# Gravity



## fschris (Oct 31, 2009)

this was 'made' for 3d so I may go see it at movies.... looks intense even though I dis like Sandra bullock....apparently the 10 minute opening sequence is incredible


----------



## Mike Edwards (Mar 10, 2011)

I saw the trailer for this recently. looks kinda interesting. I'll give it a chance


----------



## tripplej (Oct 23, 2011)

The trailer is very interesting to say the least. I just wonder if the movie itself will be worth it.
I will check out the reviews and if it lives up to the hype will check it out in 3d. Thanks for sharing.


----------



## Peter Loeser (Aug 11, 2012)

tripplej said:


> The trailer is very interesting to say the least. I just wonder if the movie itself will be worth it.
> I will check out the reviews and if it lives up to the hype will check it out in 3d. Thanks for sharing.


Yeah, gonna wait for some reviews before I see this one.


----------



## tripplej (Oct 23, 2011)

Peter Loeser said:


> Yeah, gonna wait for some reviews before I see this one.


I have been taken by great trailers in the past and then come to find out that the movie is terrible or all the best scenes were actually from the trailer! 

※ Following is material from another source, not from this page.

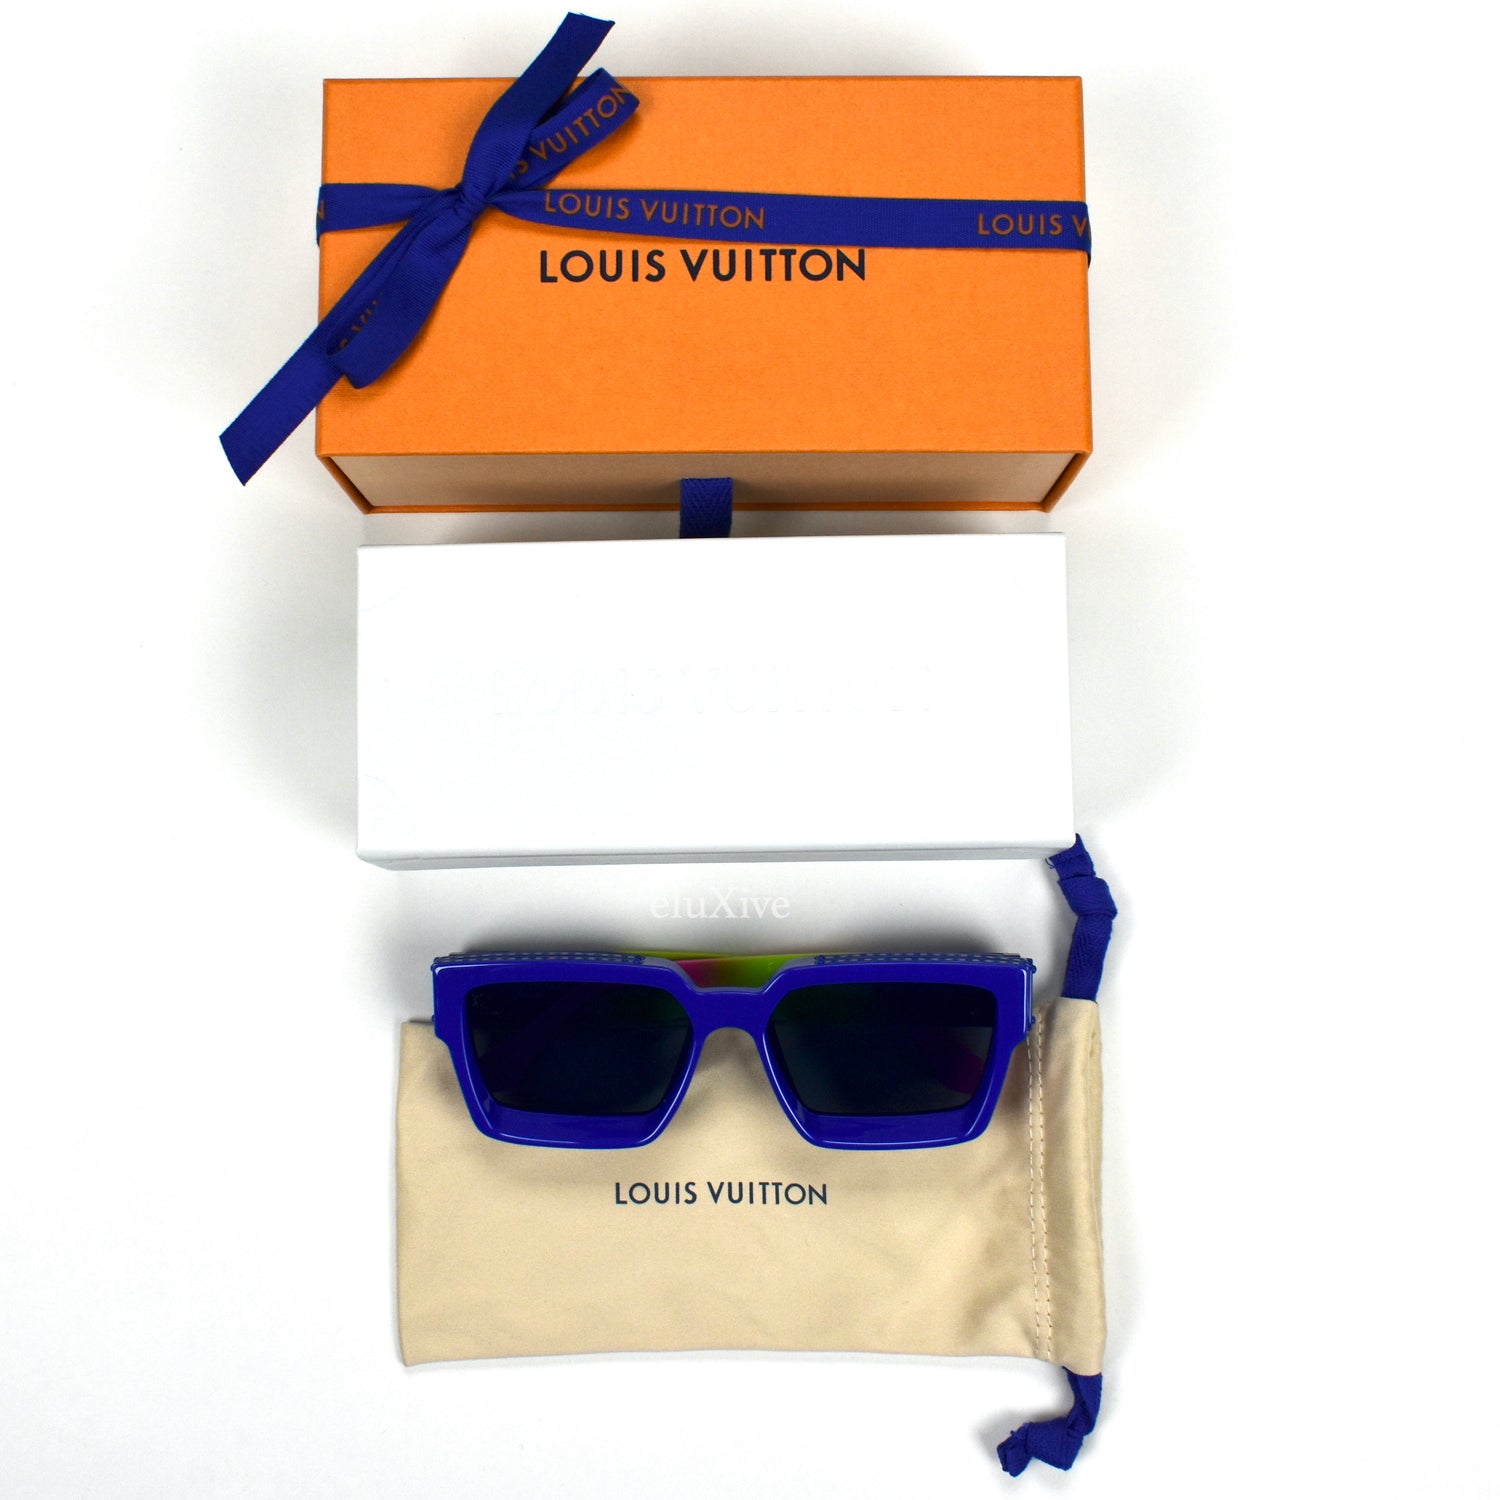 Louis Vuitton Black 1.1 Millionaires Sunglasses Square

So, while this one looks impressive, I will wait and see what the general opinion is. Best case, will see it in theaters, worse case, a rental.


----------



## Peter Loeser (Aug 11, 2012)

tripplej said:


> I have been taken by great trailers in the past and then come to find out that the movie is terrible or all the best scenes were actually from the trailer!
> 
> So, while this one looks impressive, I will wait and see what the general opinion is. Best case, will see it in theaters, worse case, a rental.


Agreed. What part of Texas are you from tripple? Just curious if you're nearby and where you go for 3D.


----------



## tripplej (Oct 23, 2011)

Peter Loeser said:


> Agreed. What part of Texas are you from tripple? Just curious if you're nearby and where you go for 3D.

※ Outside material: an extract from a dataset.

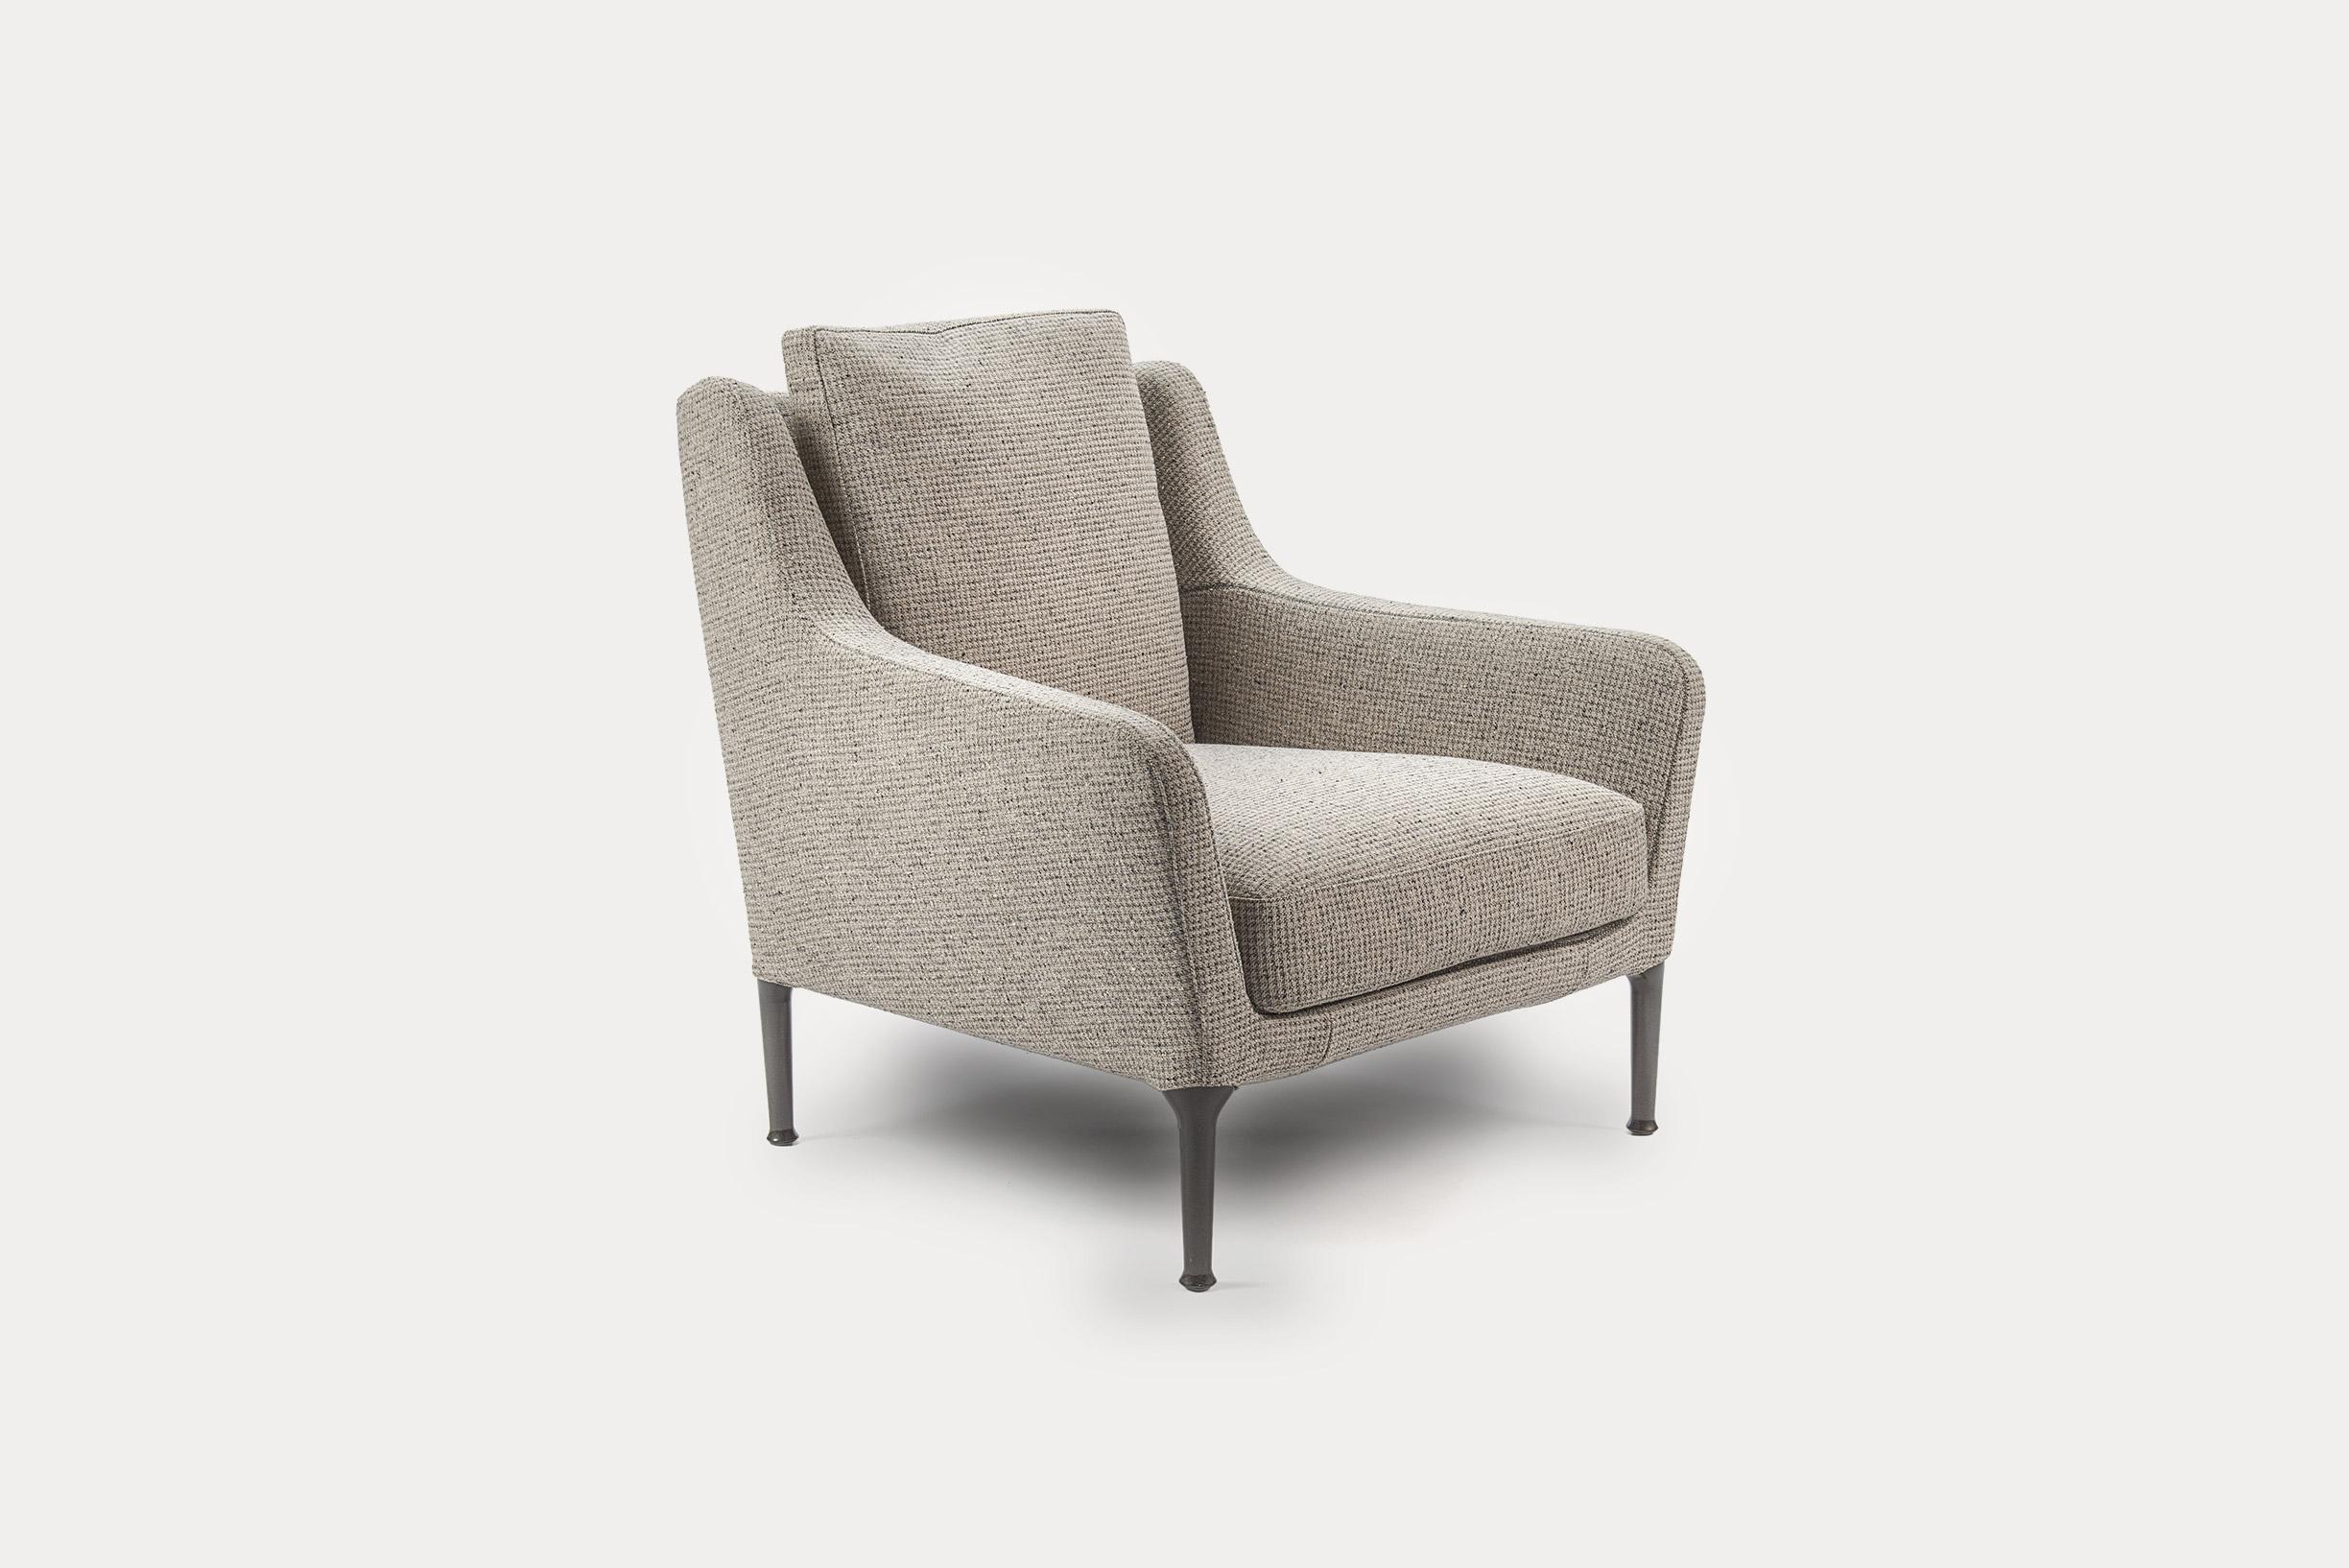 Édouard ist ein Stuhl mit starkem ästhetischem und funktionellem Charme. Sie wurde entwickelt:: um erholsames Sitzen zu ermöglichen. Dieser Sessel ist mit einem strukturierten Stoff von B&B bezogen. Die hohe Rückenlehne und die breite Sitzfläche

NW Houston - in between Jersey Village and Cypress in unincorporated Houston. 

For movies for the whole family we usually go to Movie Tavern which is on hwy 249. It is a dinner theater place perfect for the whole family. Can order a full meal and watch the movie. Plus the kids will eat pizza and have a good time. 

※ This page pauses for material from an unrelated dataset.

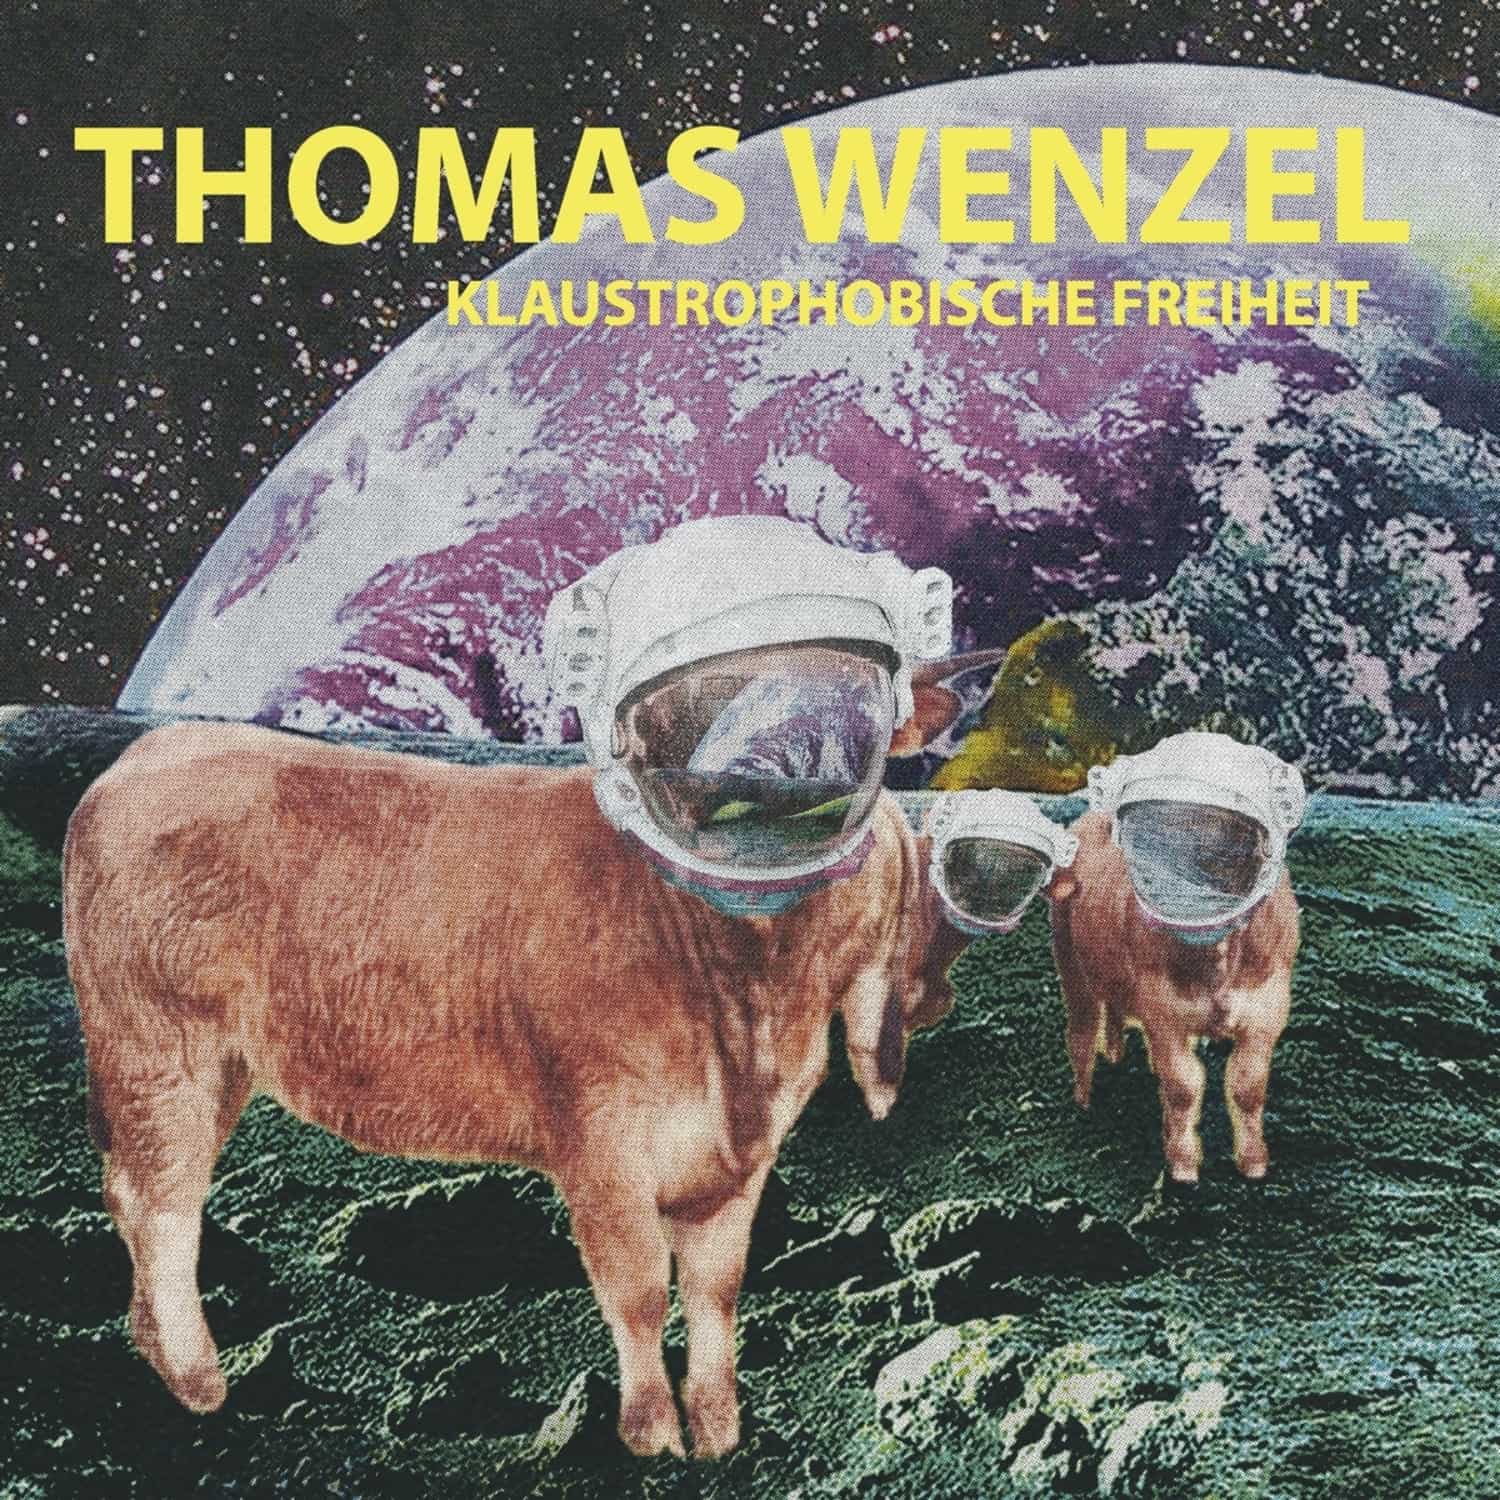 Thomas Wenzel - KLAUSTROPHOBISCHE FREIHEIT

For IMAX, we go to Silverado near Tomball. 

Where are you?


----------



## Peter Loeser (Aug 11, 2012)

tripplej said:


> NW Houston - in between Jersey Village and Cypress in unincorporated Houston.
> 
> For movies for the whole family we usually go to Movie Tavern which is on hwy 249. It is a dinner theater place perfect for the whole family. Can order a full meal and watch the movie. Plus the kids will eat pizza and have a good time.
> 
> ...


Oh, you are up near Dale Rasco. Now I'm wondering if we met at Dale's house last November for the sub shootout/GTG? I'm lucky if I can remember the names much less the corresponding forum users :scratch:

I am located in Houston not far from Cypress. I've been to the Imax at Silverado. There's also a Studio Movie Grille about 5 mins from my house, pretty similar to the Movie Tavern.


----------



## tripplej (Oct 23, 2011)

Studio Movie Grill is good as well. Same as Movie Tavern. Nice place to get a full meal (restaurant style) and you can watch a movie and drink a beer/wine as well.


----------